MacConnell Andrew B, Paegel Brian M
Department of Chemistry and †Doctoral Program in Chemical and Biological Sciences, The Scripps Research Institute , 130 Scripps Way, Jupiter, Florida 33458, United States.
ACS Comb Sci. 2017 Aug 14;19(8):524-532. doi: 10.1021/acscombsci.7b00061. Epub 2017 Jul 26.
Microfluidic droplet-based screening of DNA-encoded one-bead-one-compound combinatorial libraries is a miniaturized, potentially widely distributable approach to small molecule discovery.
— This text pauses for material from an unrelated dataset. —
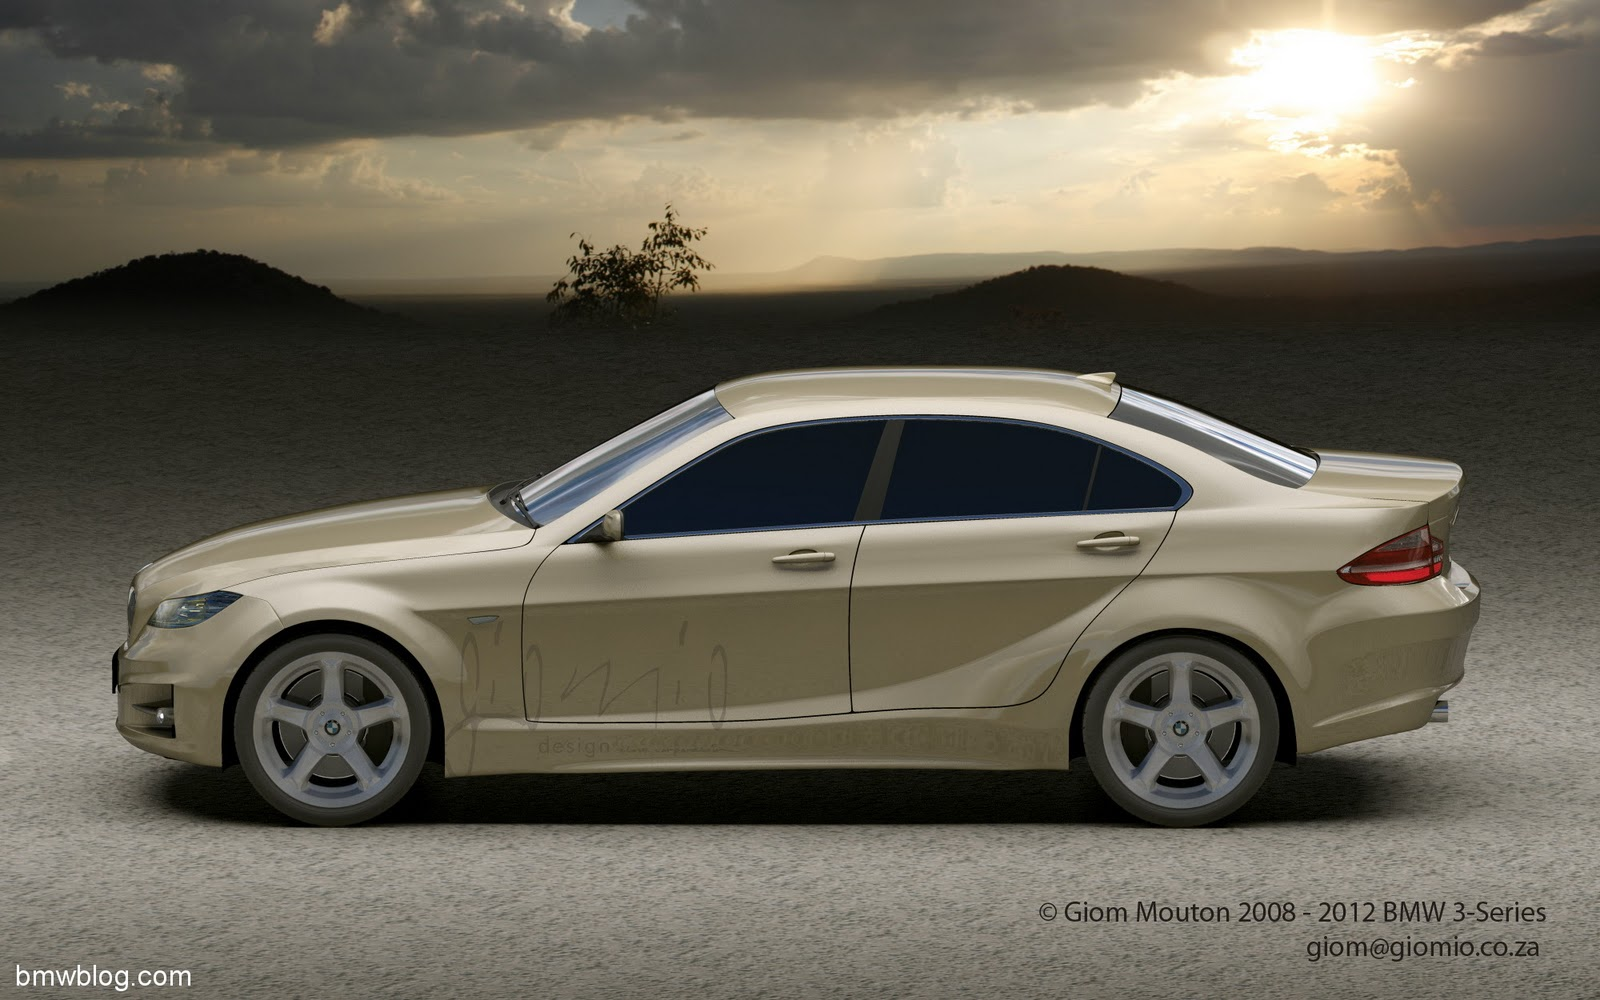 http://4.bp.blogspot.com/-GkraLLdijdU/TZyD8JJMfzI/AAAAAAAAANE/TMWi2ENKA4E/s1600/2012-BMW-3Series-2.jpg

In these screens, a microfluidic circuit distributes library beads into droplets of activity assay reagent, photochemically cleaves the compound from the bead, then incubates and sorts the droplets based on assay result for subsequent DNA sequencing-based hit compound structure elucidation. Pilot experimental studies revealed that Poisson statistics describe nearly all aspects of such screens, prompting the development of simulations to understand system behavior. Monte Carlo screening simulation data showed that increasing mean library sampling (ε), mean droplet occupancy, or library hit rate all increase the false discovery rate (FDR). Compounds identified as hits on k > 1 beads (the replicate k class) were much more likely to be authentic hits than singletons (k = 1), in agreement with previous findings. Here, we explain this observation by deriving an equation for authenticity, which reduces to the product of a library sampling bias term (exponential in k) and a sampling saturation term (exponential in ε) setting a threshold that the k-dependent bias must overcome. The equation thus quantitatively describes why each hit structure's FDR is based on its k class, and further predicts the feasibility of intentionally populating droplets with multiple library beads, assaying the micromixtures for function, and identifying the active members by statistical deconvolution.
基于微流控液滴的DNA编码单珠单化合物组合文库筛选是一种小型化、可能广泛分布的小分子发现方法。在这些筛选中,微流控电路将文库珠子分配到活性测定试剂的液滴中,光化学地从珠子上裂解化合物,然后根据测定结果孵育并对液滴进行分类,以便随后基于DNA测序阐明命中化合物的结构。初步实验研究表明,泊松统计描述了此类筛选的几乎所有方面,促使人们开发模拟来理解系统行为。蒙特卡罗筛选模拟数据表明,增加平均文库采样率(ε)、平均液滴占有率或文库命中率都会增加错误发现率(FDR)。与之前的发现一致,在k>1个珠子上被鉴定为命中的化合物(重复k类)比单珠命中(k = 1)更有可能是真实命中。在这里,我们通过推导一个真实性方程来解释这一观察结果,该方程简化为一个文库采样偏差项(k的指数函数)和一个采样饱和项(ε的指数函数)的乘积,该采样饱和项设定了k依赖偏差必须克服的阈值。因此,该方程定量地描述了为什么每个命中结构的FDR基于其k类,并进一步预测了有意用多个文库珠子填充液滴、测定微混合物的功能以及通过统计反卷积识别活性成员的可行性。